> Problem
Directions for the data below: repeat exactly the lines from the one with "A pair of beautifully" through the one with "These chairs date", both included, and omit all pictures.

> Task inputs

* * *

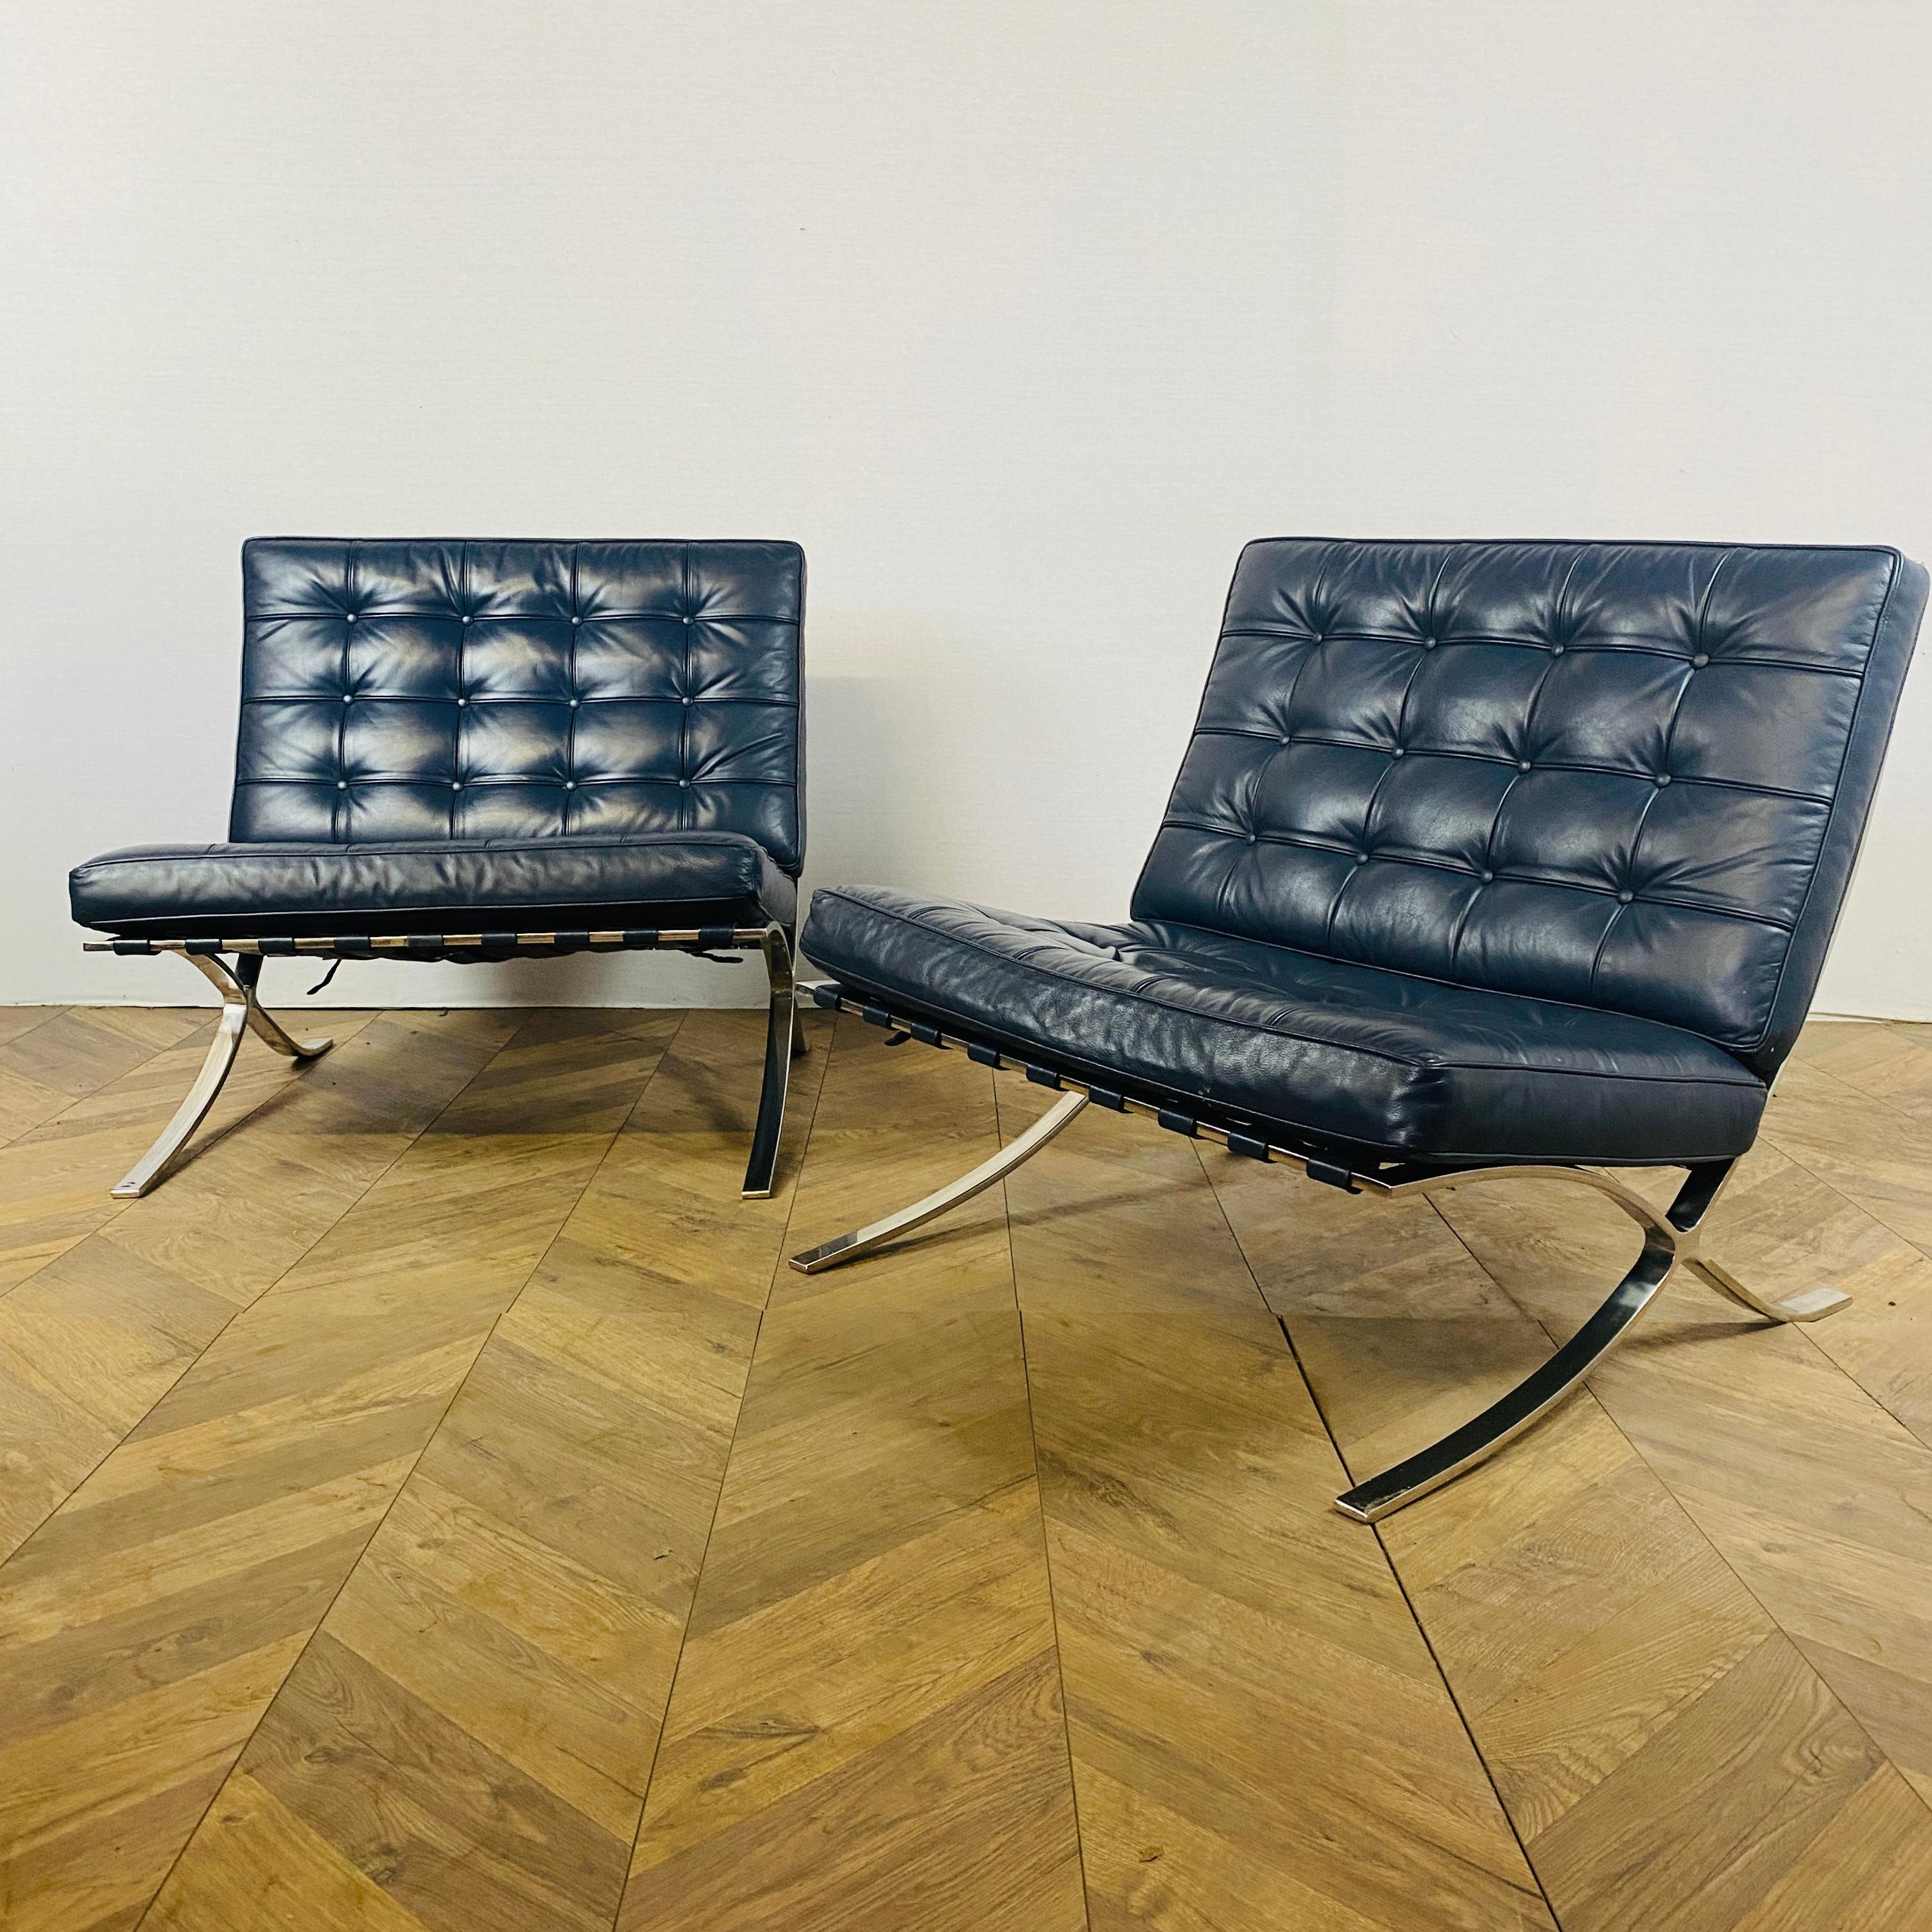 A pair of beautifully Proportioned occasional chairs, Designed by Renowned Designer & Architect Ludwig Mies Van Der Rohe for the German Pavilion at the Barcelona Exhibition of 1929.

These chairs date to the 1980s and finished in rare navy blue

* * *

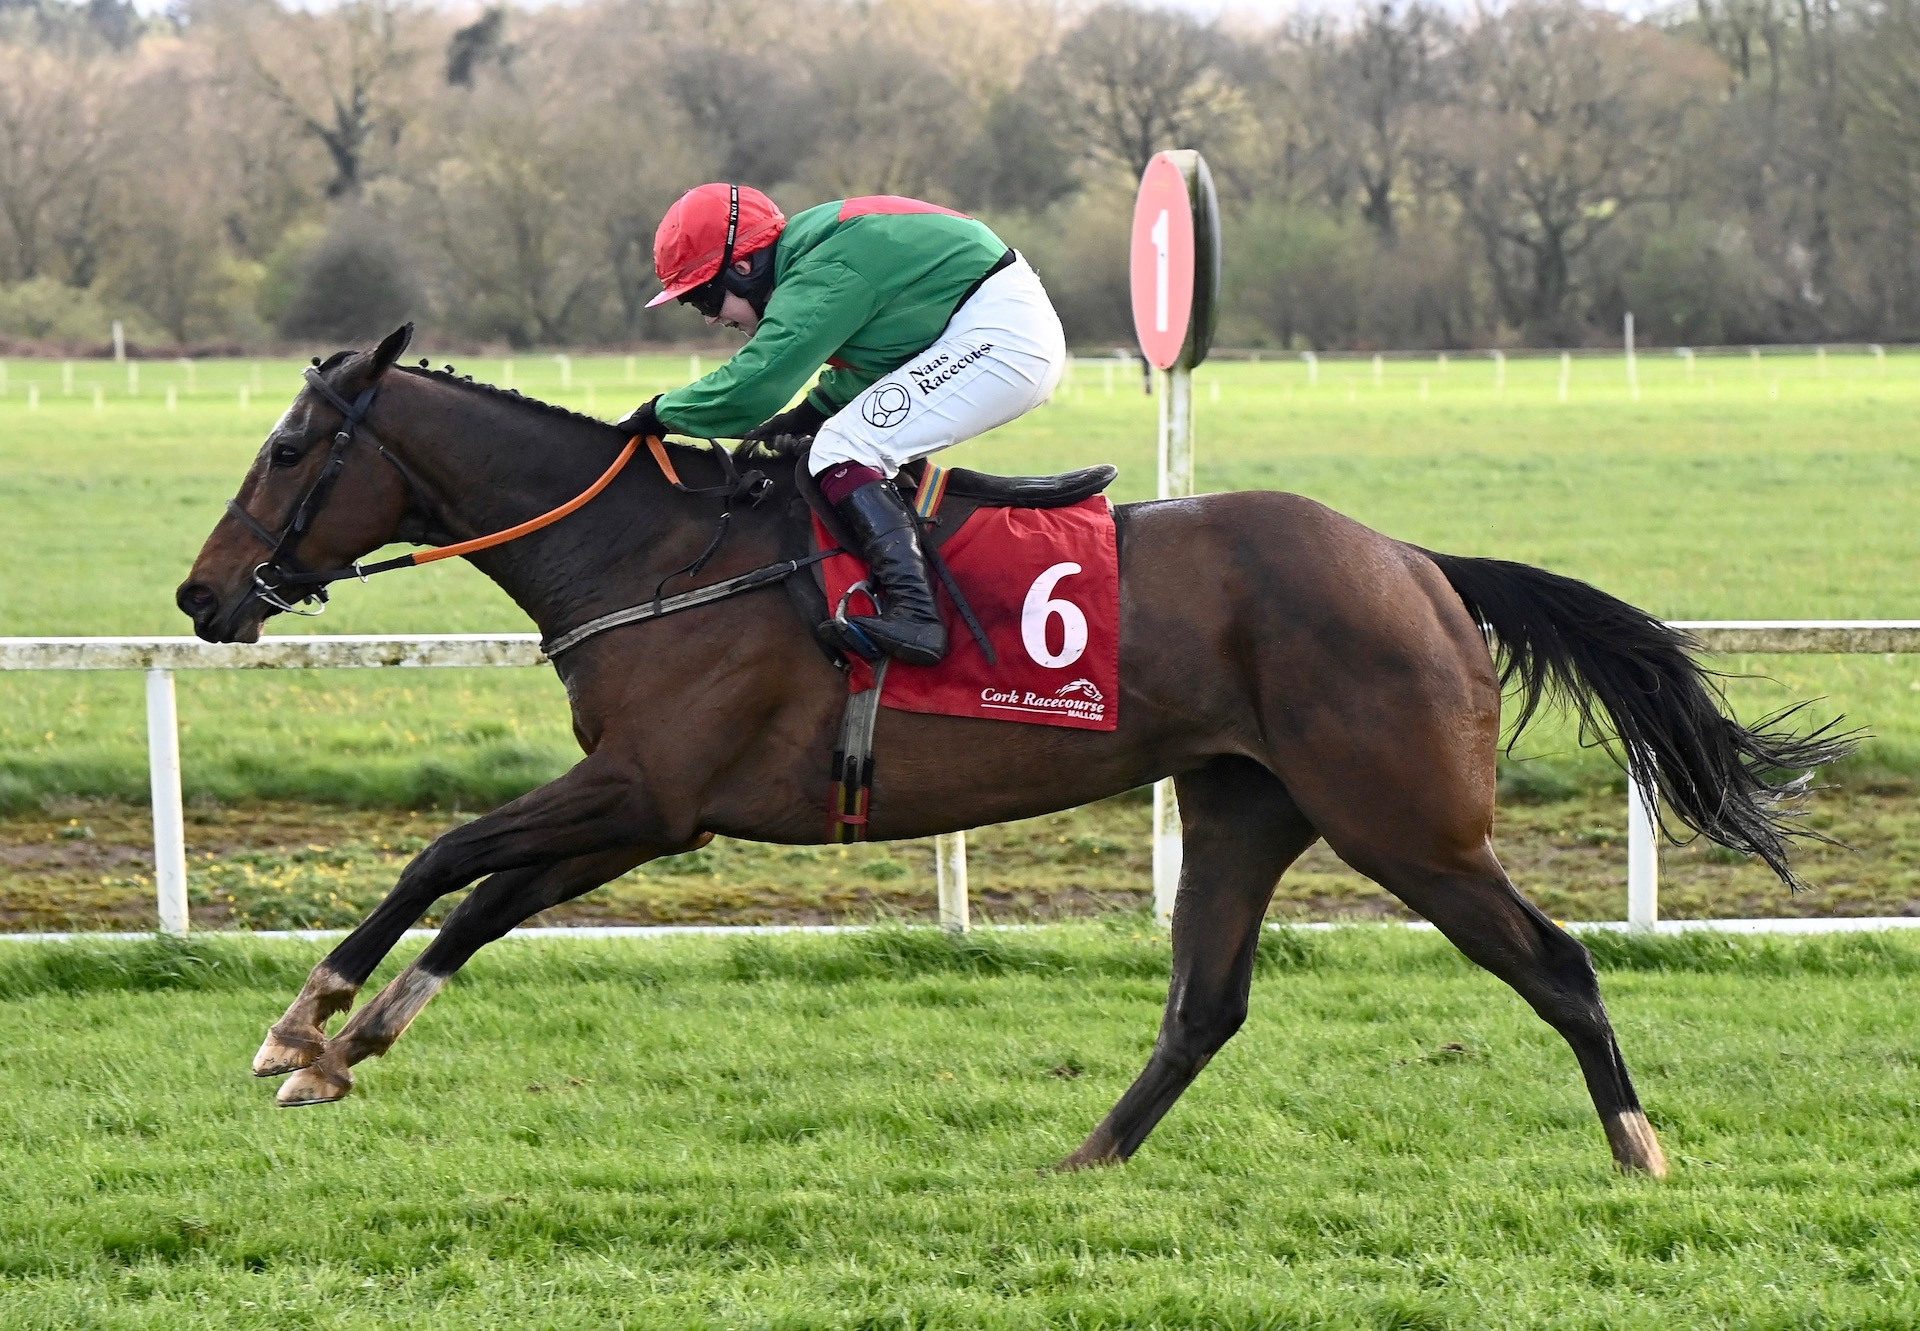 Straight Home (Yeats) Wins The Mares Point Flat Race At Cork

* * *

> Answer to the exercise
 A pair of beautifully Proportioned occasional chairs, Designed by Renowned Designer & Architect Ludwig Mies Van Der Rohe for the German Pavilion at the Barcelona Exhibition of 1929.

These chairs date to the 1980s and finished in rare navy blue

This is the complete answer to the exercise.